Compressed Air Supply Requirements and Rig Integration
Air hoists share the rig's compressed air header with pneumatic controls for the BOP accumulator fill, the rotary table pneumatic clutch, the air-powered pipe spinner, and the rig floor air tuggers. Header pressure is typically maintained at 620 to 825 kPa (90 to 120 psi) by dedicated oilfield compressors (separate from air drilling compressors on air drilling rigs). The hoist installation must include a dedicated shut-off valve (lock-out/tag-out capable per CSA Z460), a filter-regulator-lubricator (FRL) assembly to clean and lubricate the air supply, and a pressure gauge at the hoist motor inlet. The FRL lubricator supplies oil mist at 1 to 4 drops per minute to the motor vanes, which is essential for vane wear and corrosion prevention; failure to lubricate results in rapid vane wear and loss of rated torque within 20 to 50 operating hours.

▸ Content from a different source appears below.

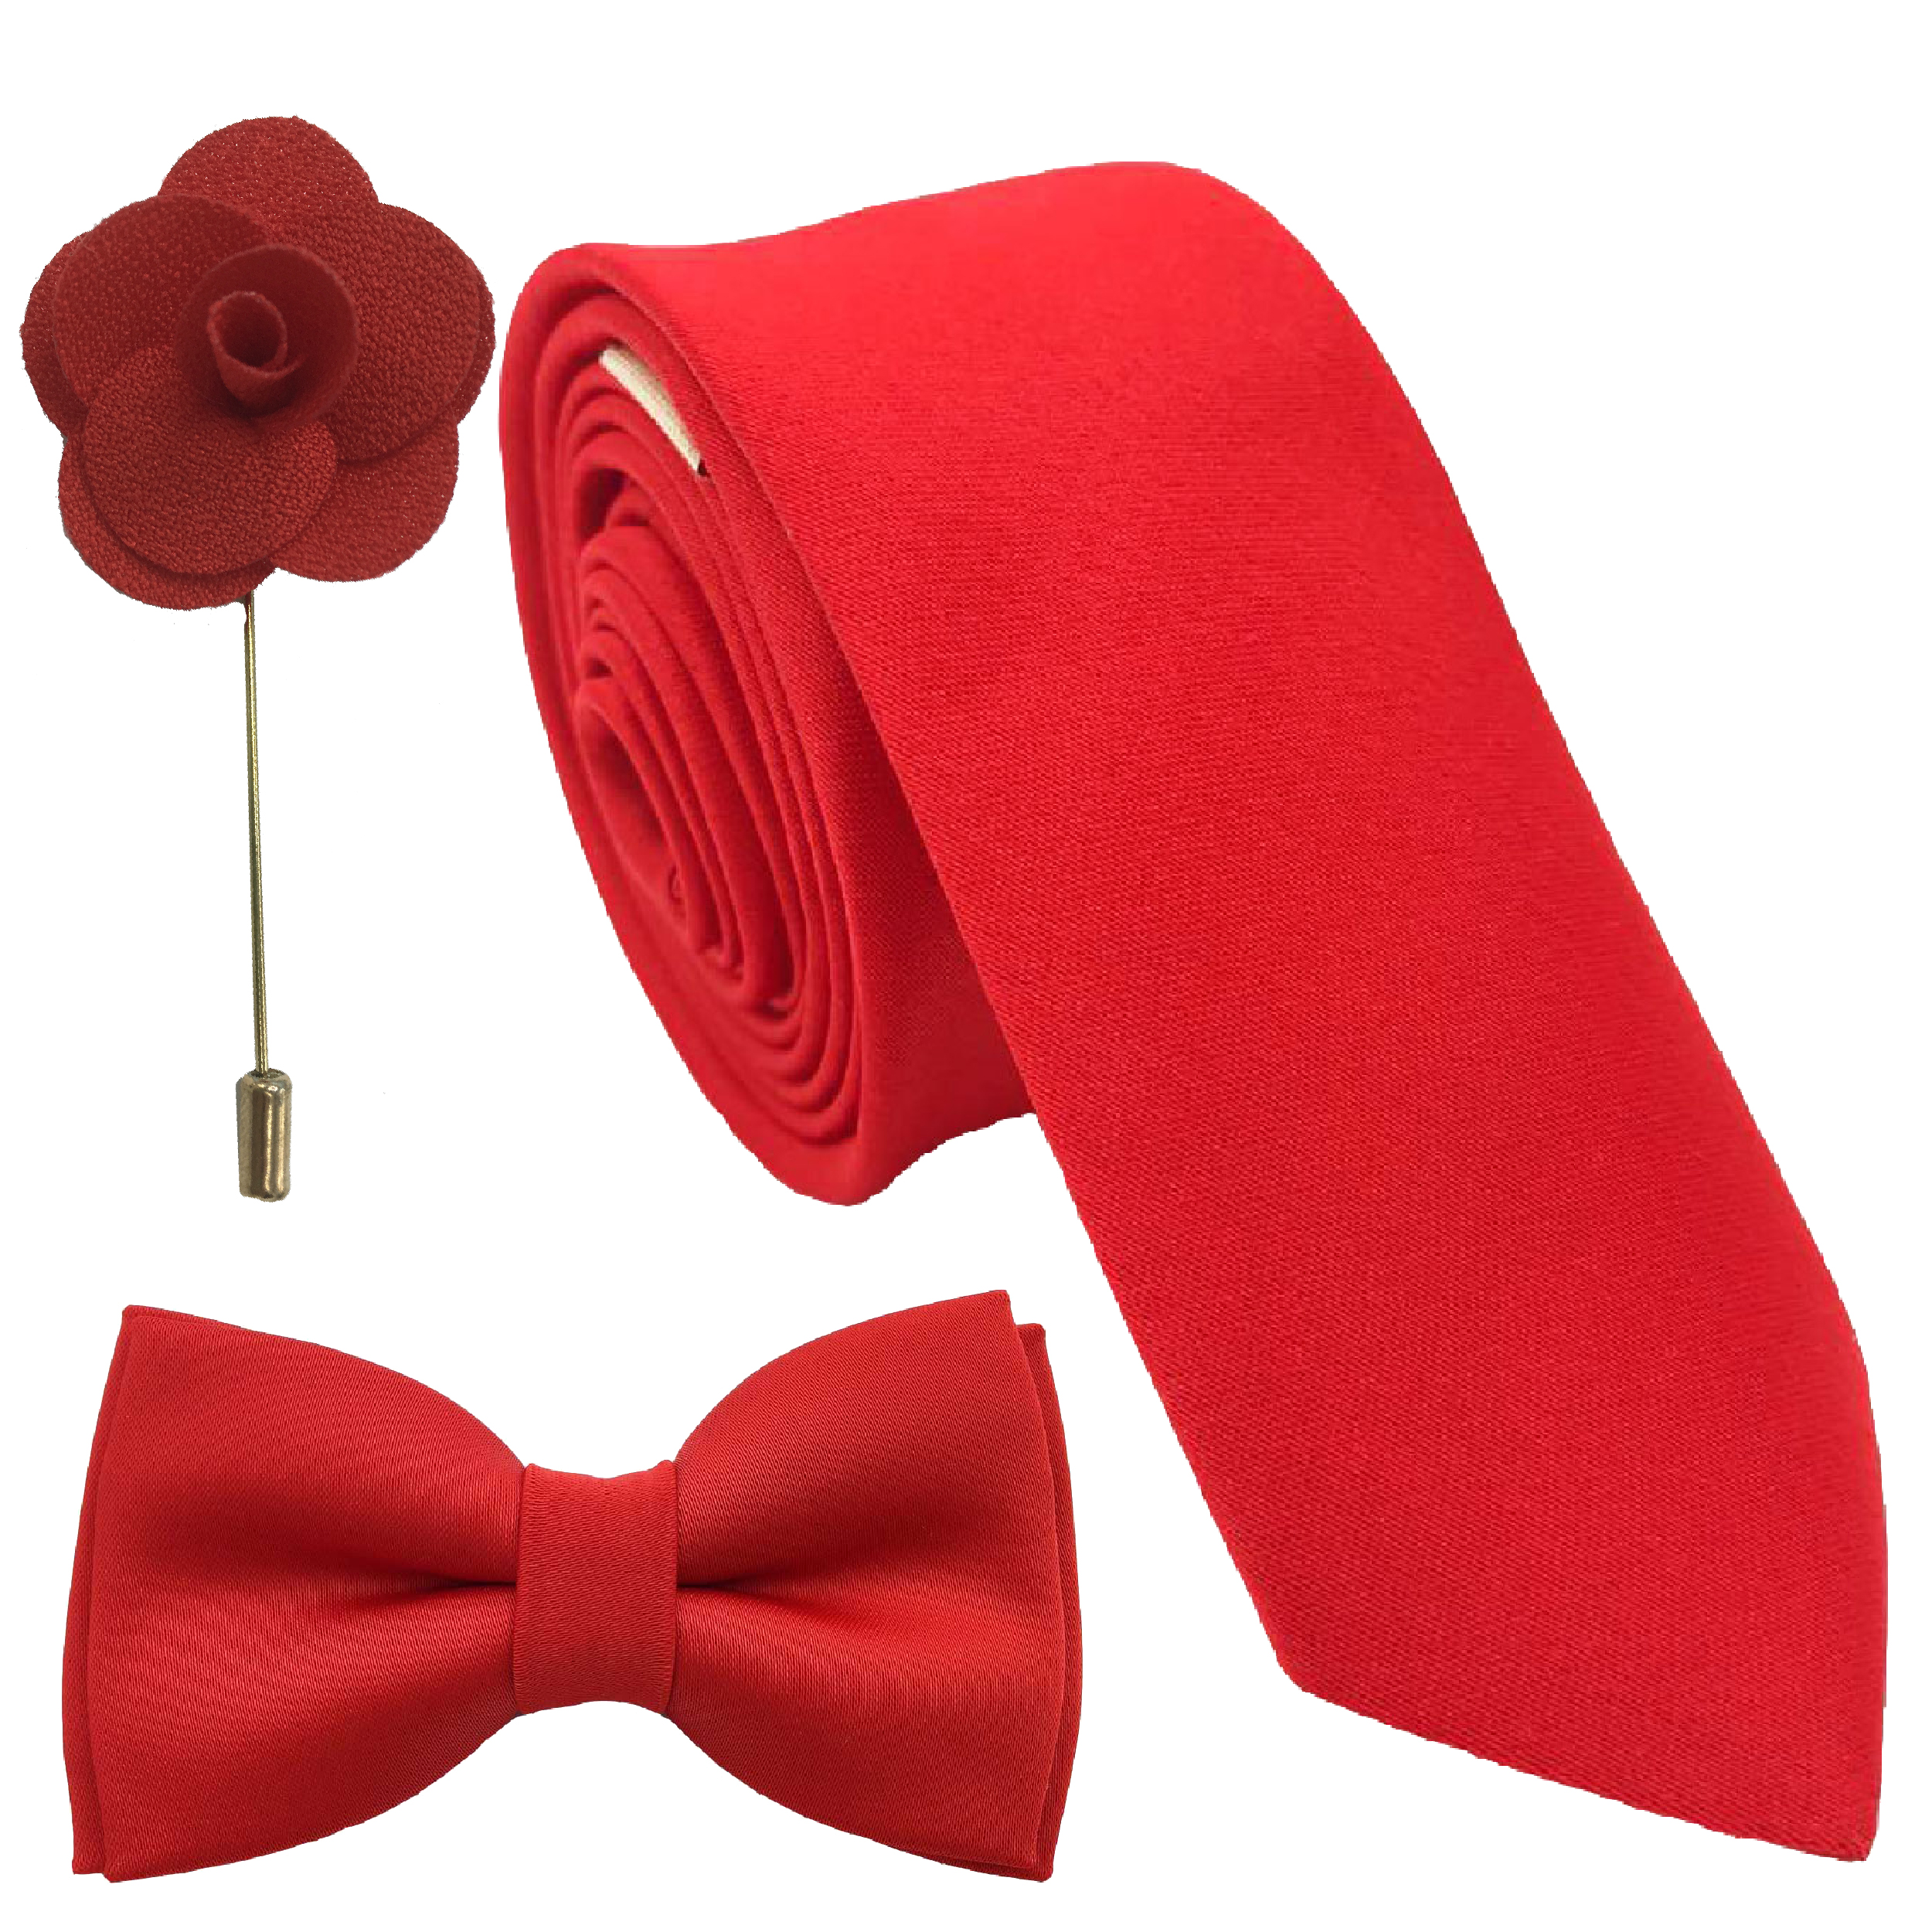 ست کراوات پاپیون و گل کت هکس ایران مدل SET-SM RED
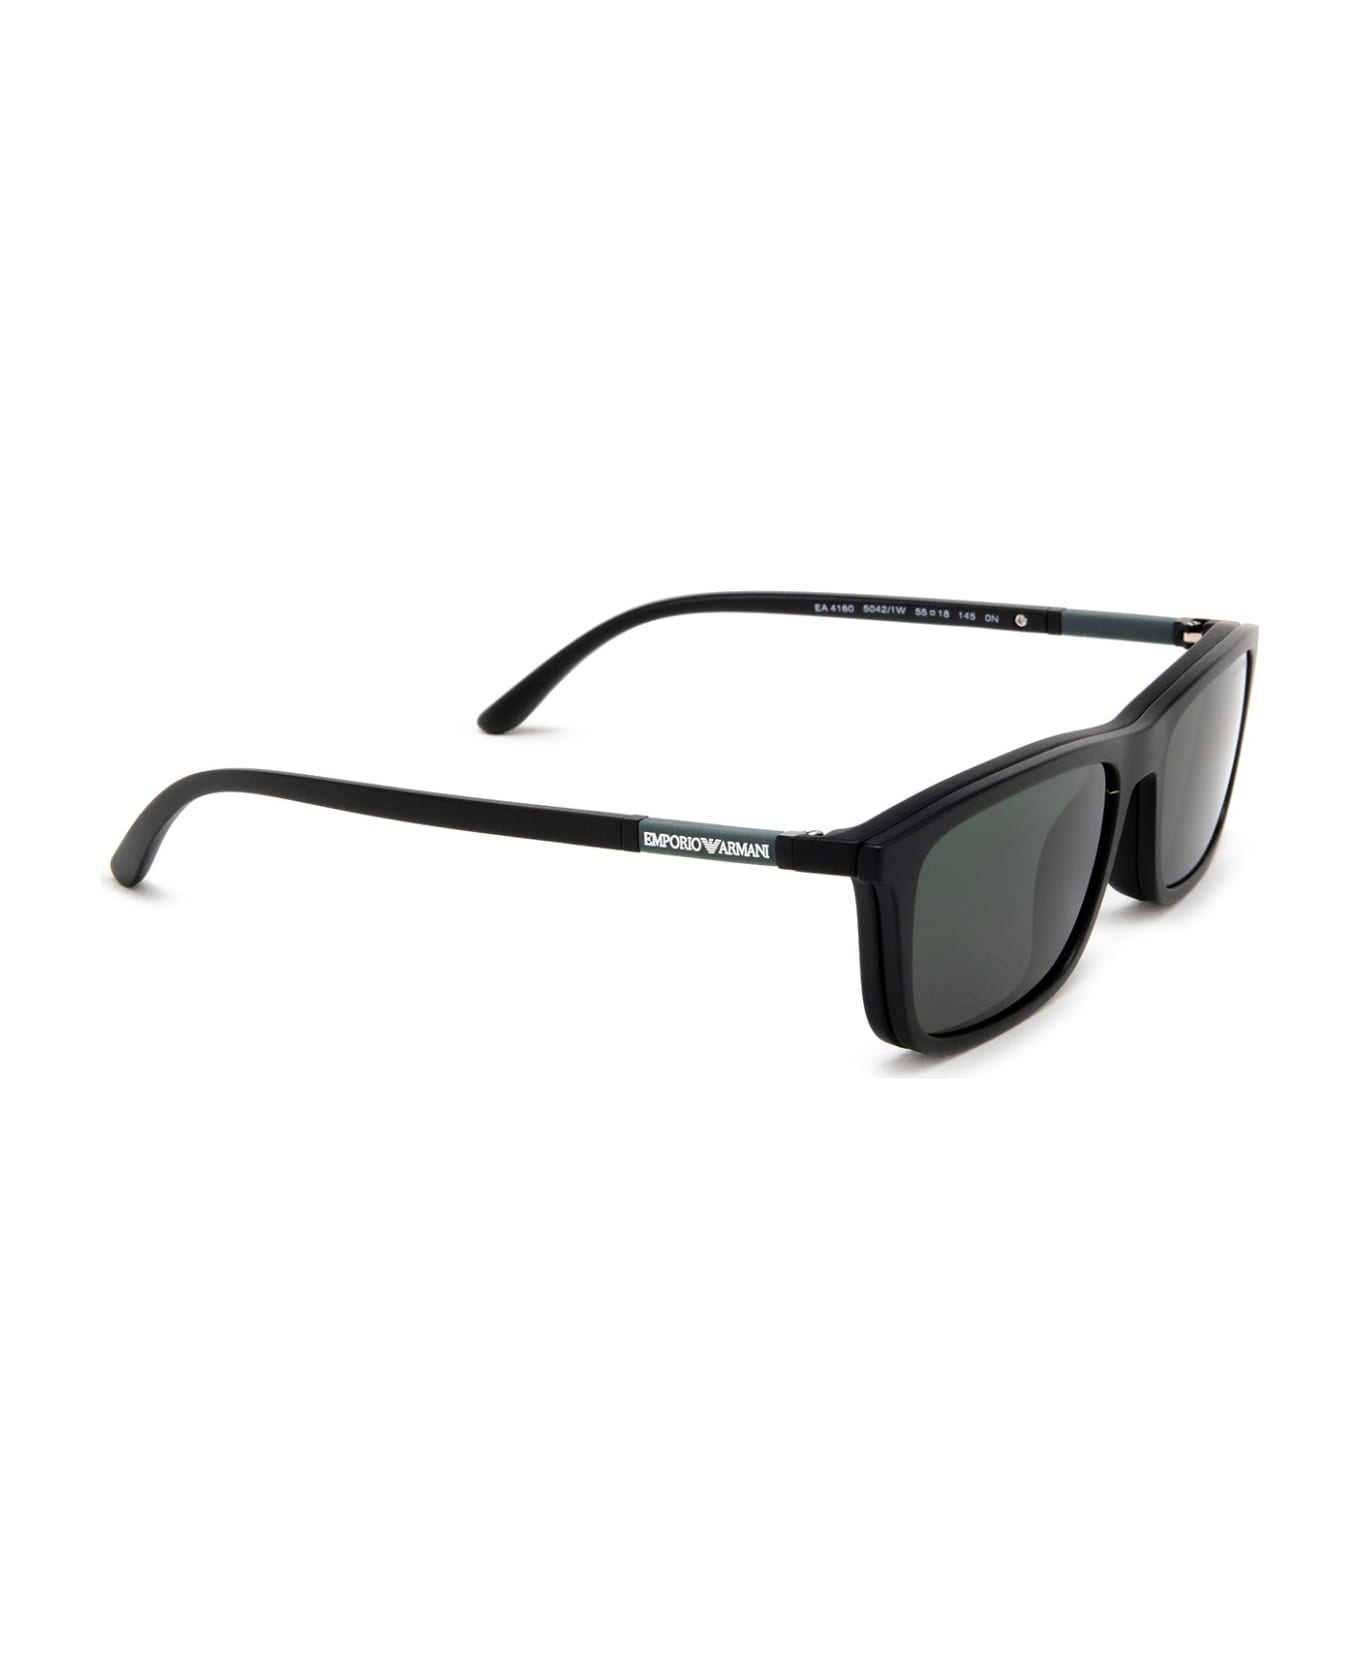 Emporio Armani Ea4160 Matte Black Sunglasses - Matte Black

On high-cycle pad drilling operations in the WCSB where air hoists operate nearly continuously during tripping operations, scheduled preventive maintenance intervals are 250 operating hours (monthly on high-cycle rigs) for motor vane inspection, rotor bearing lubrication, and load brake adjustment. Wire rope must be inspected for broken wires at each pre-tour inspection under CSA B167, with replacement required when broken wire count exceeds 6 broken wires in any rope length of 6 times the rope diameter, or when corrosion pitting reduces the rope diameter by more than 10% of nominal. A 19 mm wire rope hoist on a catwalk operating 400 lift cycles per day accumulates approximately 240 hours of motor operating time per month and may reach wire rope replacement intervals of 6 to 9 months under these conditions.